Pelas 21h15, as primeiras mulheres começam a quebrar a pacatez do largo junto à igreja de S. Victor. Já se conhecem de anos anteriores. É Vera Barros quem abre o portão do Centro Paroquial. É também ela que orienta e organiza as tarefas. Numa pequena sala, atolada de tecidos, linhas, tesouras, máquinas de costura e outras marcas de trabalho, todas sabem o posto que devem ocupar. Cortar, alinhavar, costurar, engomar, tratar dos registos. Cada uma sabe o que tem a fazer.

É Adelina Vieira quem manobra, com traquejo, a máquina de costura. Já o faz há quase 20 anos. Depois de cortados e alinhavados pelas colegas, os tecidos passam para as suas mãos. Ao lado da mesa onde trabalha, repousa uma máquina mais moderna, a motor. Mas Adelina prefere «dar ao pedal». Não se dá com as máquinas novas. É com precisão que aos 75 anos continua a enfiar a linha na agulha à primeira tentativa. Aprendeu a arte com a mãe. Mais tarde, aperfeiçoou a técnica com uma mestre. «Era assim que se chamava antigamente», diz. Quando Vera a chama, lá vem «fazer o serãozito». Fá-lo com gosto. E é com uma vaidade confessa que afirma: «Tenho jeito». Praticamente todos os fatos passam pelas suas mãos antes da procissão. «Quase que mexo neles todos, nem que seja para consertar, vem quase tudo parar à minha mão», conta.

Entre tecidos, linhas, agulhas e tesouras há apenas uma costureira de profissão. Teresa Correia é a única «com olho» para marcar o tecido e recortar, dizem as parceiras. «É a prática», acrescenta Teresa, com modéstia.

Em frente ao computador está Isabel Moreira. Embora em anos anteriores já tenha passado a ferro, alinhavado ou costurado, agora está encarregada dos registos. «Aqui é o registo das crianças que estão inscritas», diz, enquanto aponta para a tabela no computador com o nome das crianças e as medidas para os fatos. «Cada criança tem que estar presente em três ensaios antes da procissão, e num deles faz a prova do fato», explica.

No salão, ao fundo do corredor, passa-se a ferro. Antes disso já as voluntárias levaram os fatos para casa, para lavar. Há duas, três ou quatro mulheres a engomar, «conforme os dias», diz Paula Reis, com o ferro na mão, sem despregar os olhos do tecido. No cabide, são vários os fatos já prontos. Há, porém, outros tantos por engomar. Afinal, são cerca de mil os figurantes a acompanhar «a burrinha» que carrega a representação de Nossa Senhora do Egito.

 

«Uma procissão do povo, para o povo, feita pelo povo»
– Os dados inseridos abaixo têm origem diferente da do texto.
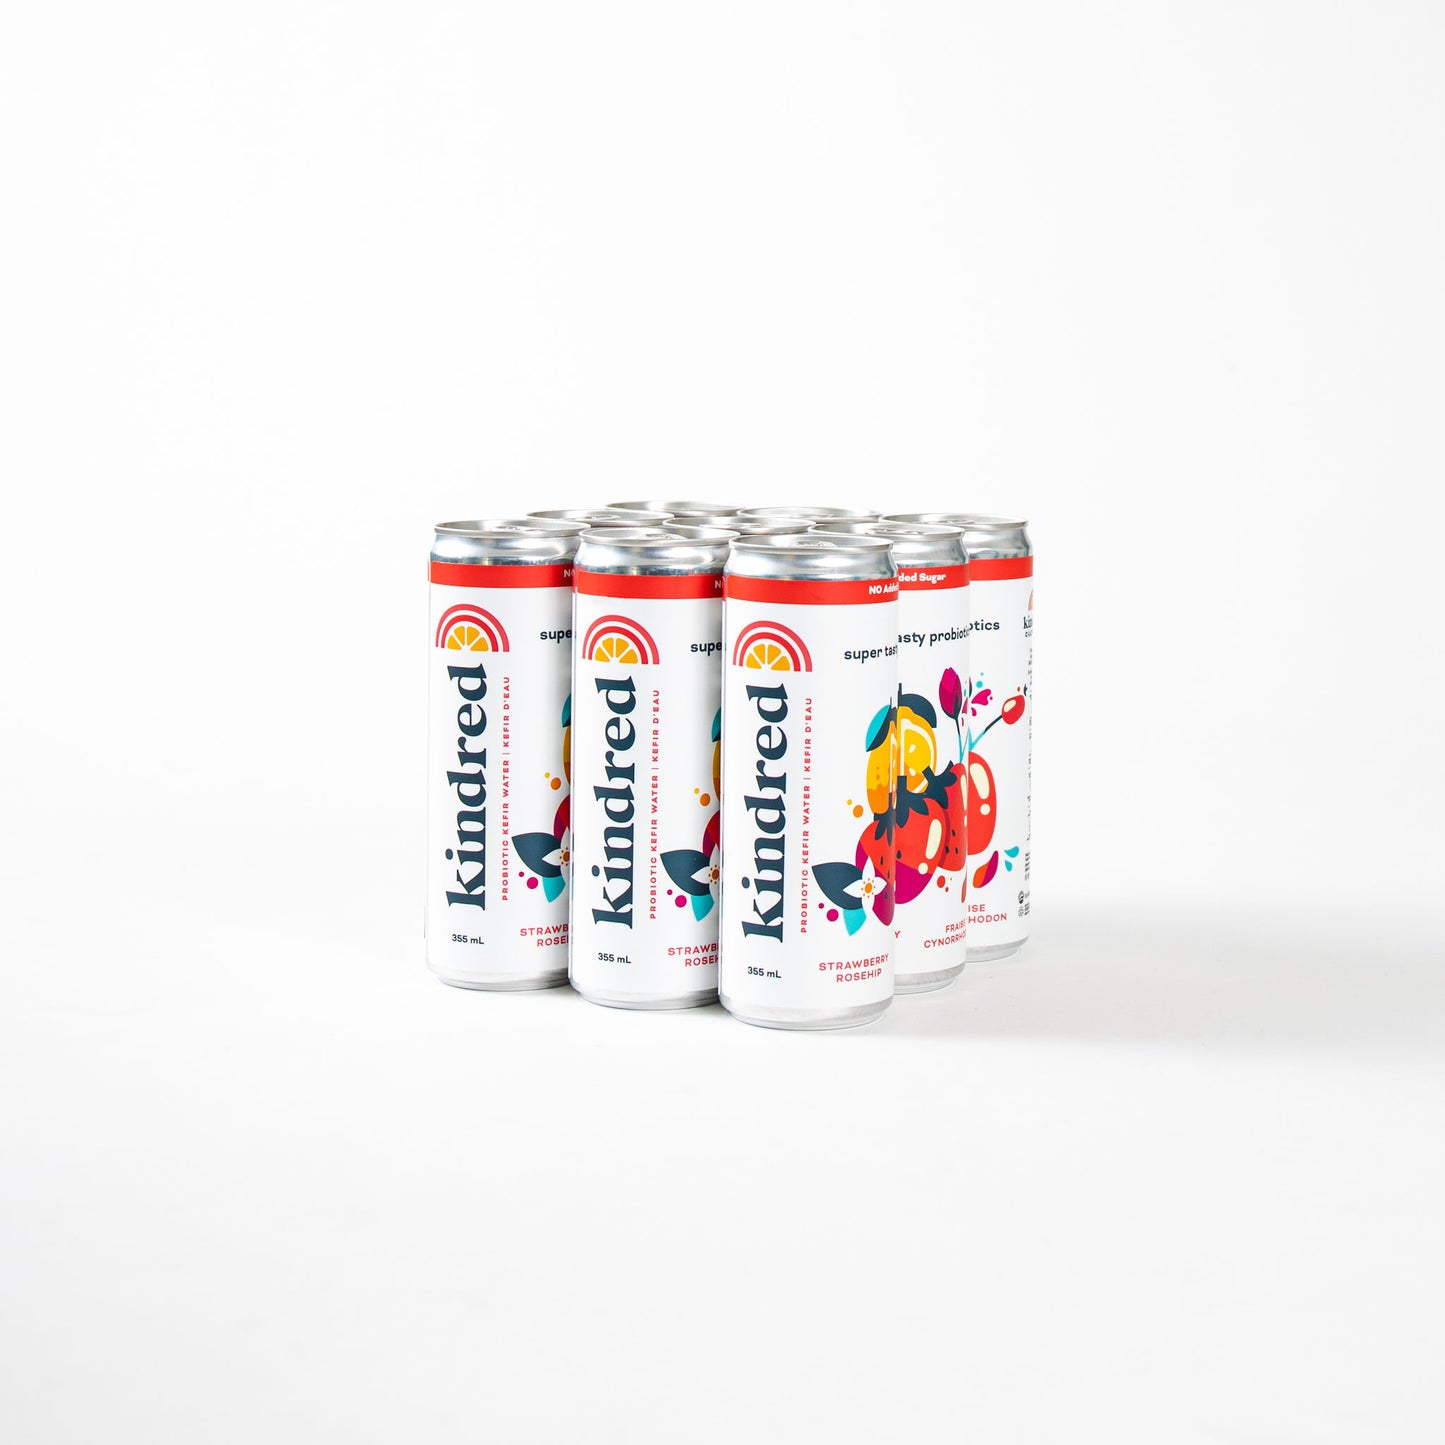 Kindred Cultures Strawberry Rosehip Kefir Water Cans

«Vera, quero trabalho. Está tudo a postos», diz uma das voluntárias ao entrar na sala. Antes de deitar mãos à obra, os fatos do ano anterior são revistos. Trata-se dos fatos antigos e fazem-se novos. Todos os anos há algo feito de raiz. Este ano, por exemplo, terão mais dois profetas para além de Isaías, dois figurantes com fatos a estrear. As crianças da catequese levam um pormenor diferente de ano para ano. Desta feita, vão vestidas com uma túnica branca e uma gola azul. «Como este é o ano da Fé Contemplada, a figura principal é Maria, que no cartaz do Ano Pastoral aparece em tons de azul e branco, por isso as vestes das crianças são nesses tons», explica Vera.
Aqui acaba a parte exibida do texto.